= Pivot language =

Intermediary language between different languages

A pivot language, sometimes also called a bridge language, is an artificial or natural language used as an intermediary language for translation between many different languages – to translate between any pair of languages A and B, one translates A to the pivot language P, then from P to B. Using a pivot language avoids the combinatorial explosion of having translators across every combination of the supported languages, as the number of combinations of language is linear ($n-1$), rather than quadratic $\left(\textstyle{\binom{n}{2}}=\frac{n^2-n}{2}\right)$ – one need only know the language A and the pivot language P (and someone else the language B and the pivot P), rather than needing a different translator for every possible combination of A and B.

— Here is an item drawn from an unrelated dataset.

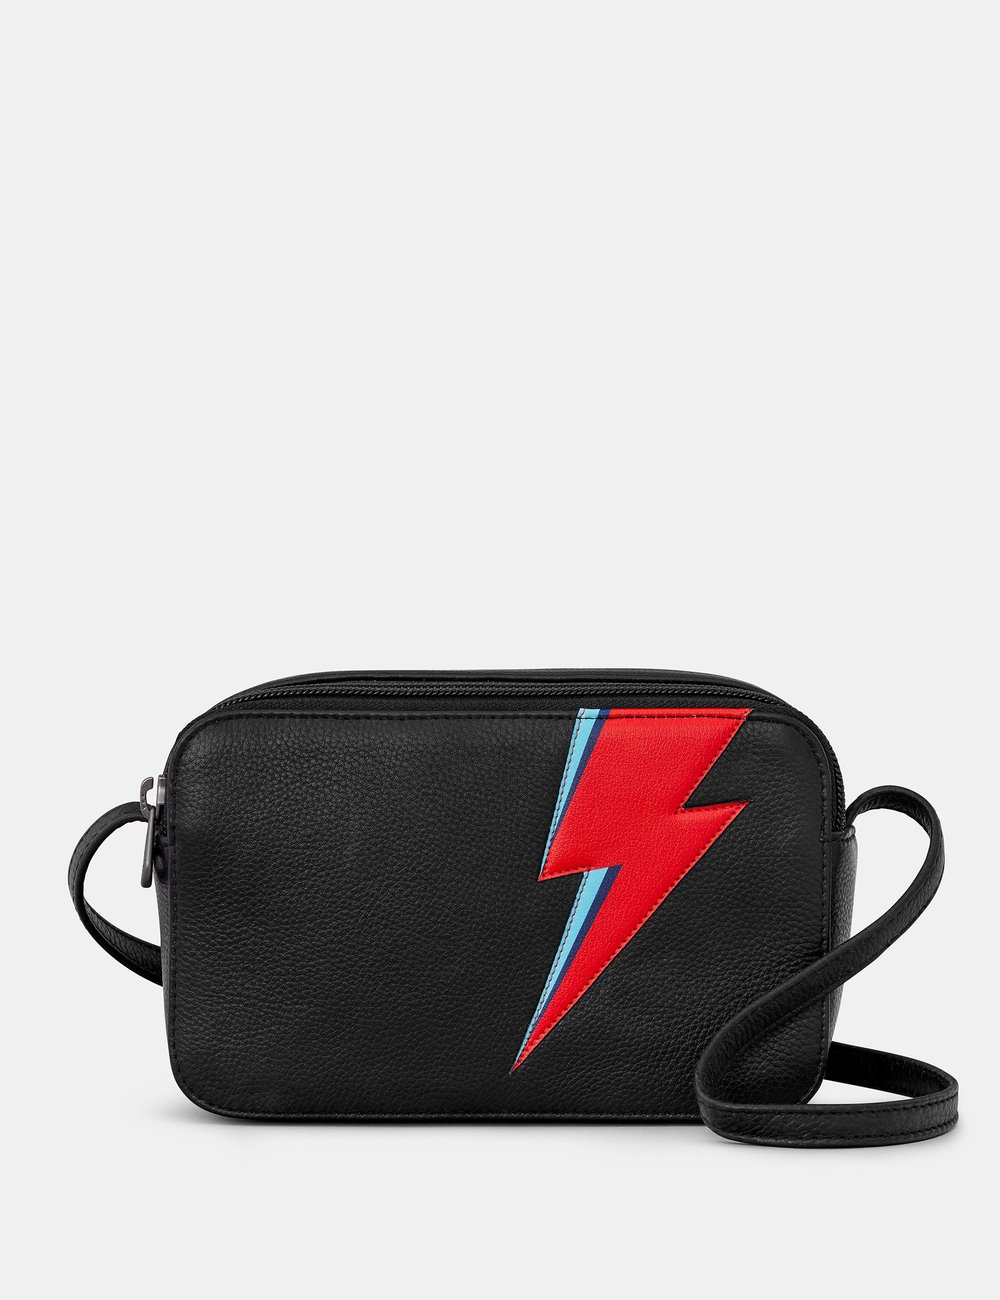 Lightning Bolt Black Leather Porter Cross Body Bag

The disadvantage of a pivot language is that each step of retranslation introduces possible mistakes and ambiguities – using a pivot language involves two steps, rather than one. For example, when Hernán Cortés communicated with Mesoamerican Indians, he spoke Spanish to Gerónimo de Aguilar, who spoke Mayan to Malintzin, who spoke Nahuatl to the locals.

== Examples ==

English, French, Russian, and Arabic are often used as pivot languages. Interlingua has been used as a pivot language in international conferences and has been proposed as a pivot language for the European Union. Esperanto was proposed as a pivot language in the Distributed Language Translation project and has been used in this way in the Majstro Tradukvortaro at the Esperanto website Majstro.com. The Universal Networking Language is an artificial language specifically designed for use as a pivot language.

== In computing ==

Pivot coding is also a common method of translating data for computer systems. For example, the Internet Protocol, XML and high level languages are pivot codings of computer data which are then often rendered into internal binary formats for particular computer systems.

Unicode was designed to be usable as a pivot coding between various major existing character encodings, though its widespread adoption as a coding in its own right has made this usage unimportant.